Life in a Vortex (Overcoming Negative Self Talk)

Life in a Vortex (Overcoming Negative Self Talk)

I’ve been battling with the tricks my mind can play with me this week, and from what some of you have been telling me, I’m not alone in this.

You know what I mean – how that running commentary we run in our heads has a profound impact on how we feel and what we do; the sneaky voices in our head that bring fear, doubt, worry, anger, resentment, and the other voices that help us feel strong, confident, in control, capable (I do know that sometimes people say to me “what voices? I don’t have any voices in my head”, to which I’ll normally reply “well there’s a voice in your head right now telling you that you don’t have any voices in your head!” – we all have them).

The language used to describe the commentary varies round the personal development world – self talk, mind talk, negative automatic thoughts (NATs), gremlins (‘Taming your Gremlin – a Surprisingly Simple Method of Getting out of your Own Way’ by Rick Carson is a great read on the subject), but what we call it doesn’t really matter, it’s what we do about it that counts.

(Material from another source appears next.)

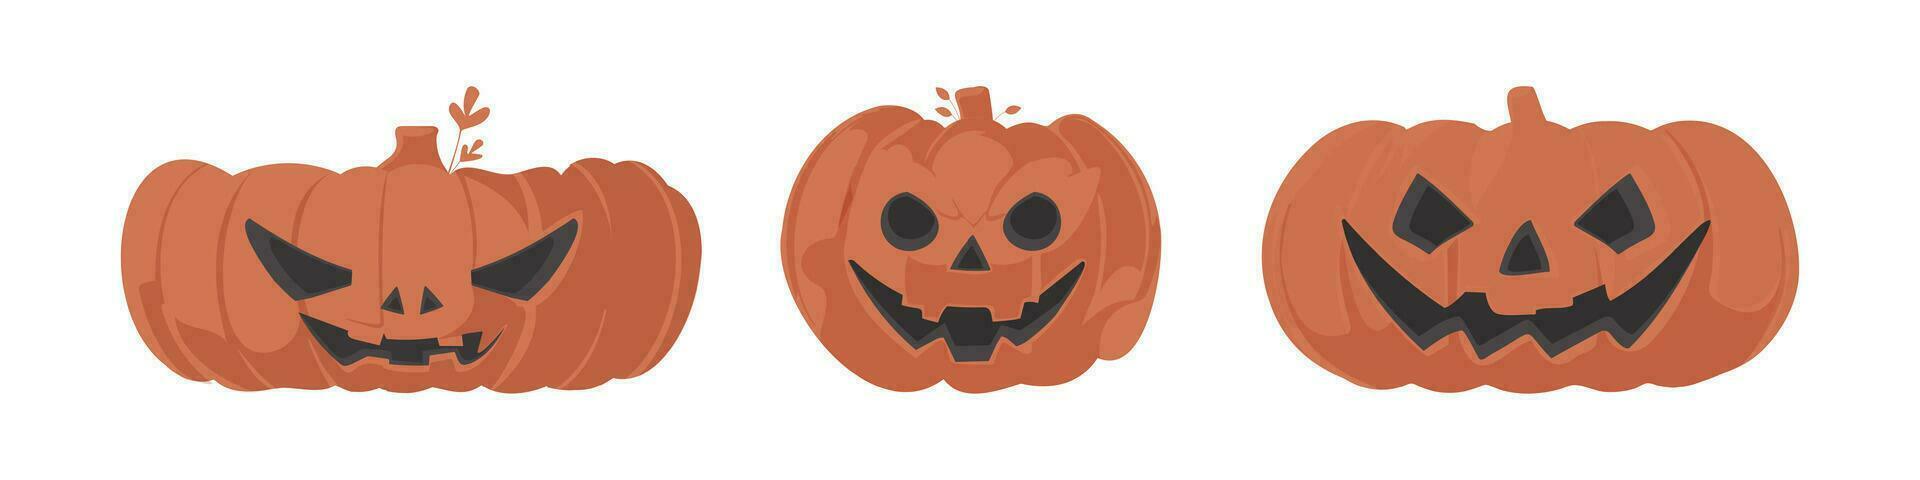 A bunch of pumpkins with spooky faces for Halloween. Cartoon style. vector
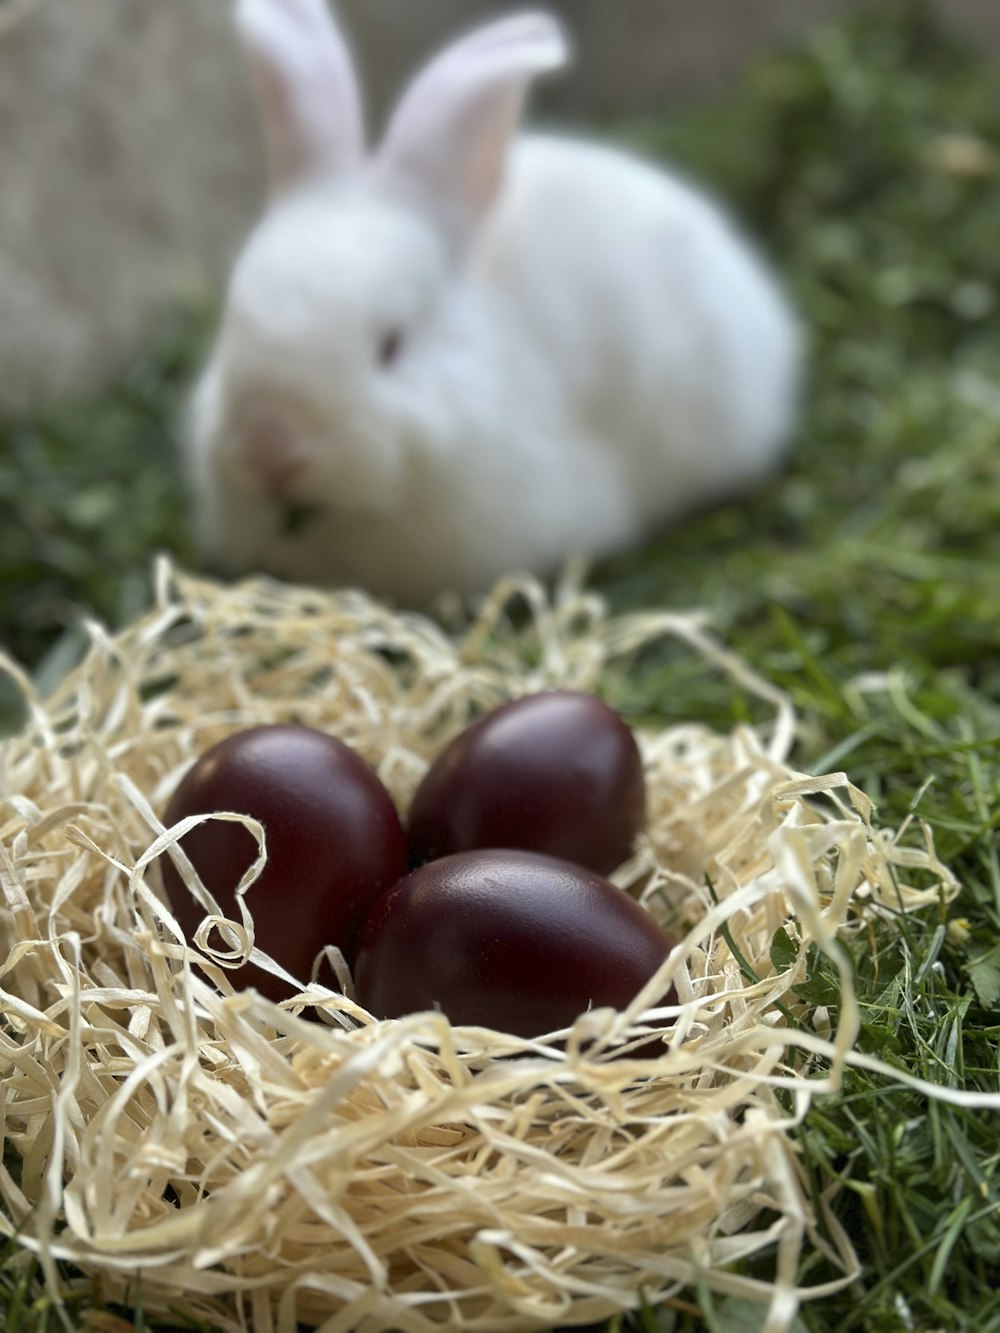 a white rabbit sitting next to three eggs in a nest

I’ve come to prefer thinking about it as a vortex that I get sucked into, and which can then be hard to get out of. And I don’t just have one vortex, I have hundreds of them, of different sizes, strengths and colours.

When in one of these vortices I lose perspective and get a really distorted view of reality. And the vortex doesn’t just affect the way I think. It comes with distinct emotional and physical states too.

So, I’ll be merrily going about day to day life, and then something happens. It doesn’t have to be a big thing, it can seem really insignificant, but there is always a trigger, an activating event.

It might be an email, or something someone says. It might be that I walk into the chaos that is one of my daughters bedrooms, or some business that falls through, or the washing machine breaking, or even hearing of someone else’s success! And…sluurrp… before I know it I’m sucked right into the vortex.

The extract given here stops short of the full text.